== AVAILABLE DATA ==
————————

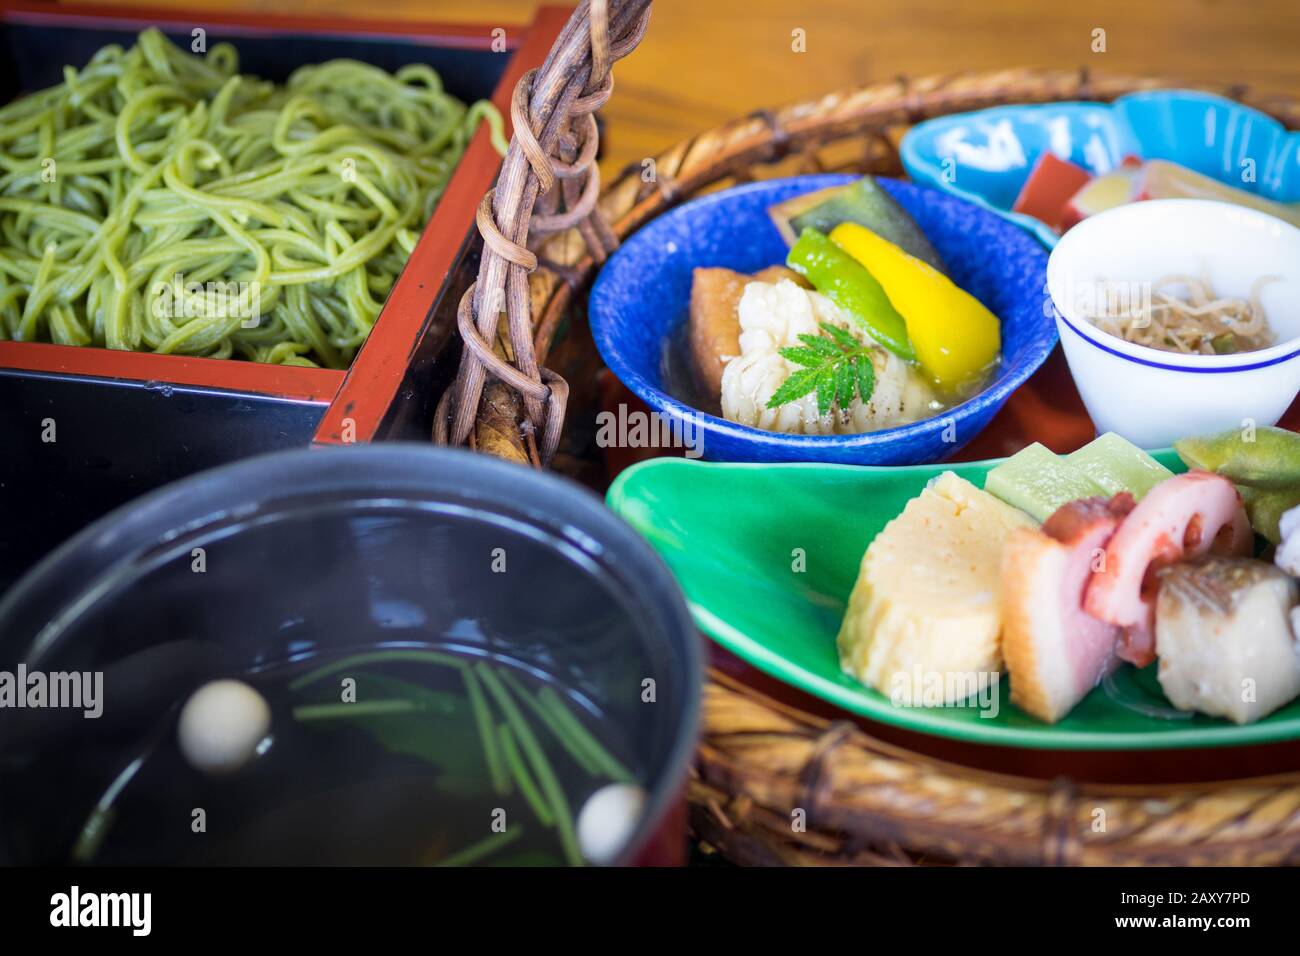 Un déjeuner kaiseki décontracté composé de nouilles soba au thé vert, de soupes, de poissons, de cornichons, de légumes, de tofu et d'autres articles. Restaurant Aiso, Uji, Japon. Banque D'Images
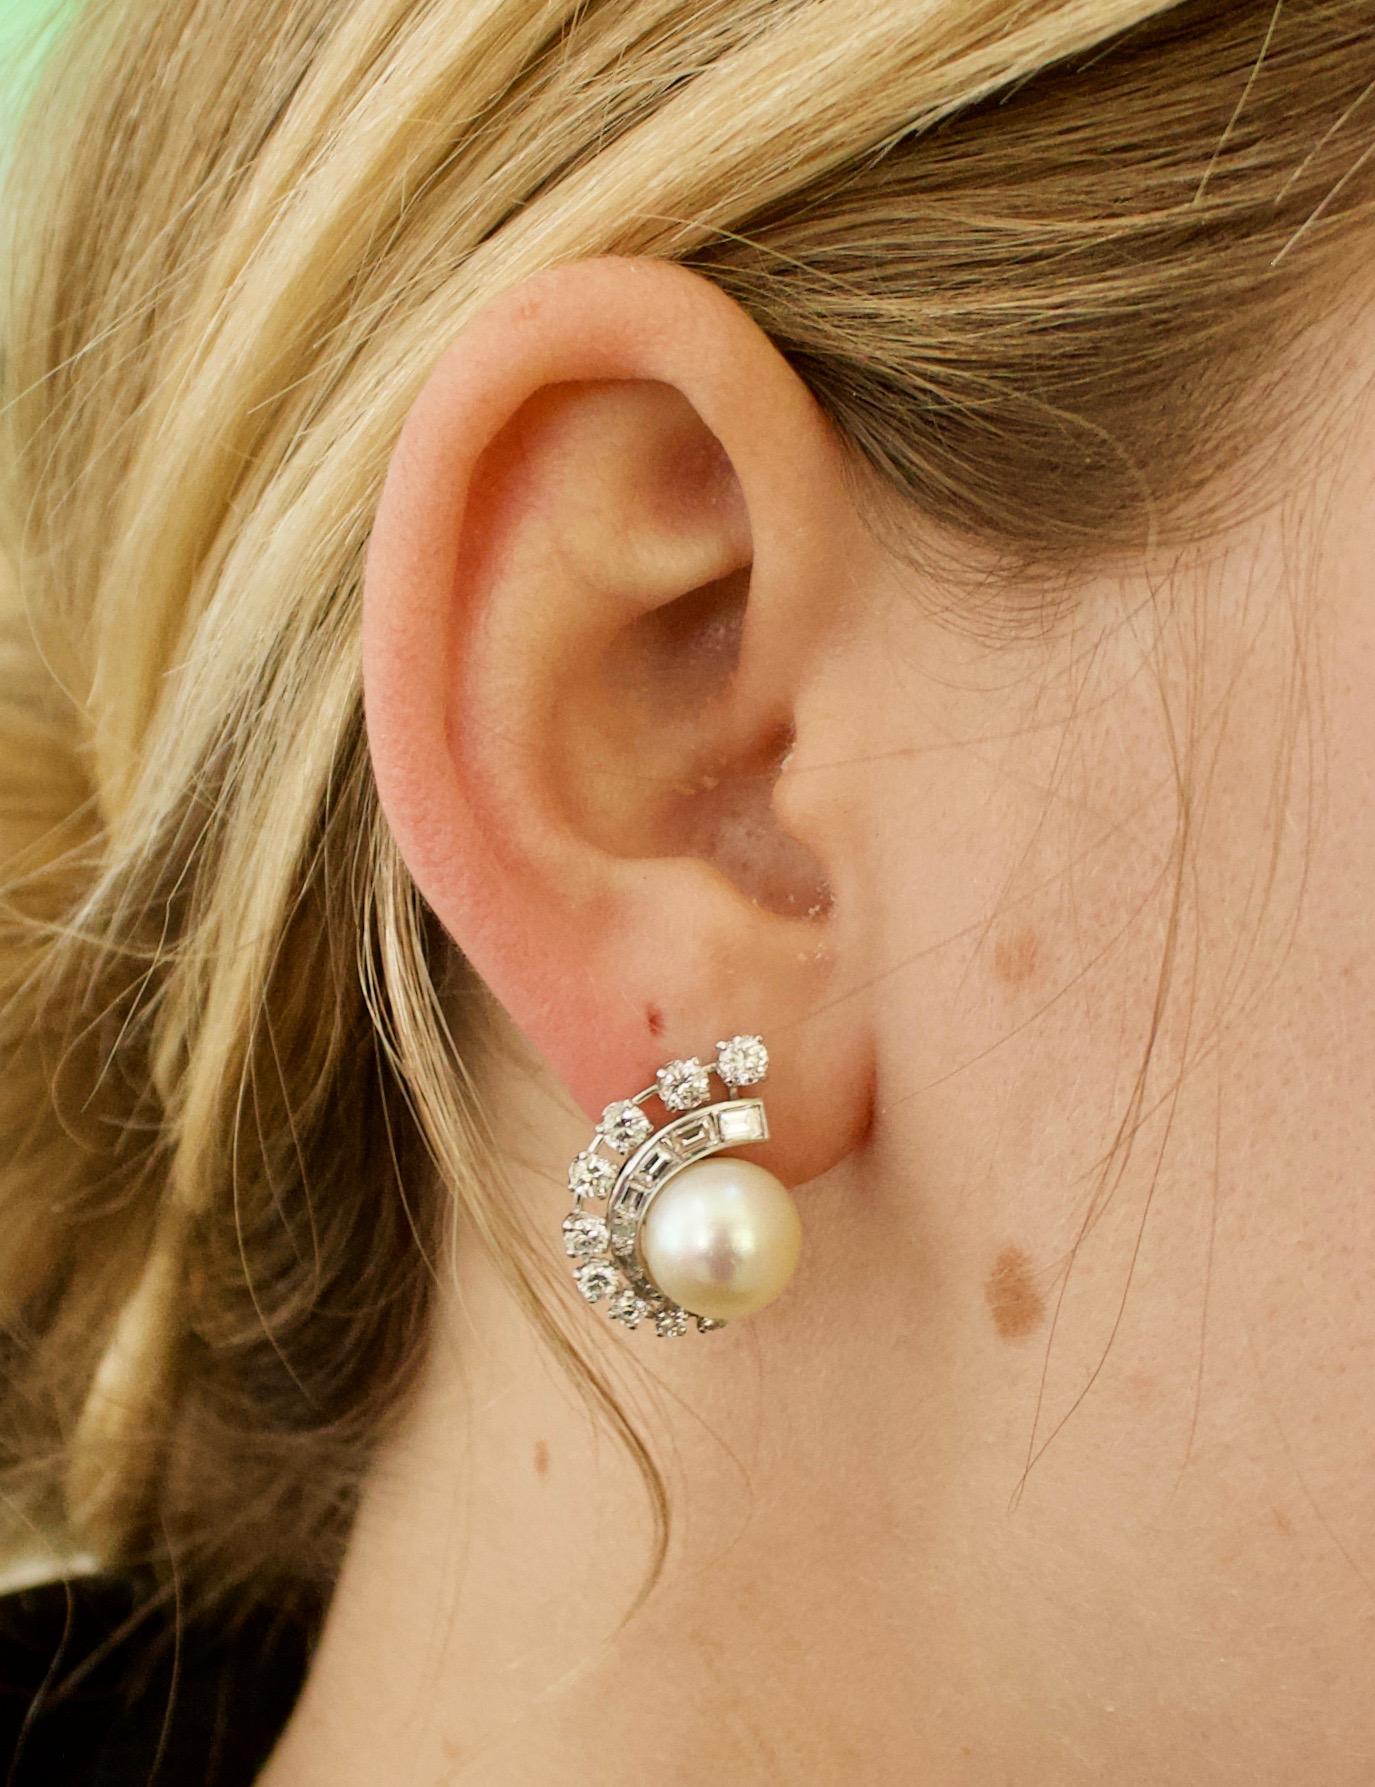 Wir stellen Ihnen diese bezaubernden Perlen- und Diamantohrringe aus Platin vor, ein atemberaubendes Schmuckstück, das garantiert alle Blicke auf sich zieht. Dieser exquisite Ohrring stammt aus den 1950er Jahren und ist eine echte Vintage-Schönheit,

————————

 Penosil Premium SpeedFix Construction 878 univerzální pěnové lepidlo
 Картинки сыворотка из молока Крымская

————————

In the listing above, find the line containing "Un déjeuner kaiseki" and the line containing "Wir stellen Ihnen". Reproduce those lines and all between them exactly, with no pictures and nothing more.

 Un déjeuner kaiseki décontracté composé de nouilles soba au thé vert, de soupes, de poissons, de cornichons, de légumes, de tofu et d'autres articles. Restaurant Aiso, Uji, Japon. Banque D'Images
 Wir stellen Ihnen diese bezaubernden Perlen- und Diamantohrringe aus Platin vor, ein atemberaubendes Schmuckstück, das garantiert alle Blicke auf sich zieht. Dieser exquisite Ohrring stammt aus den 1950er Jahren und ist eine echte Vintage-Schönheit,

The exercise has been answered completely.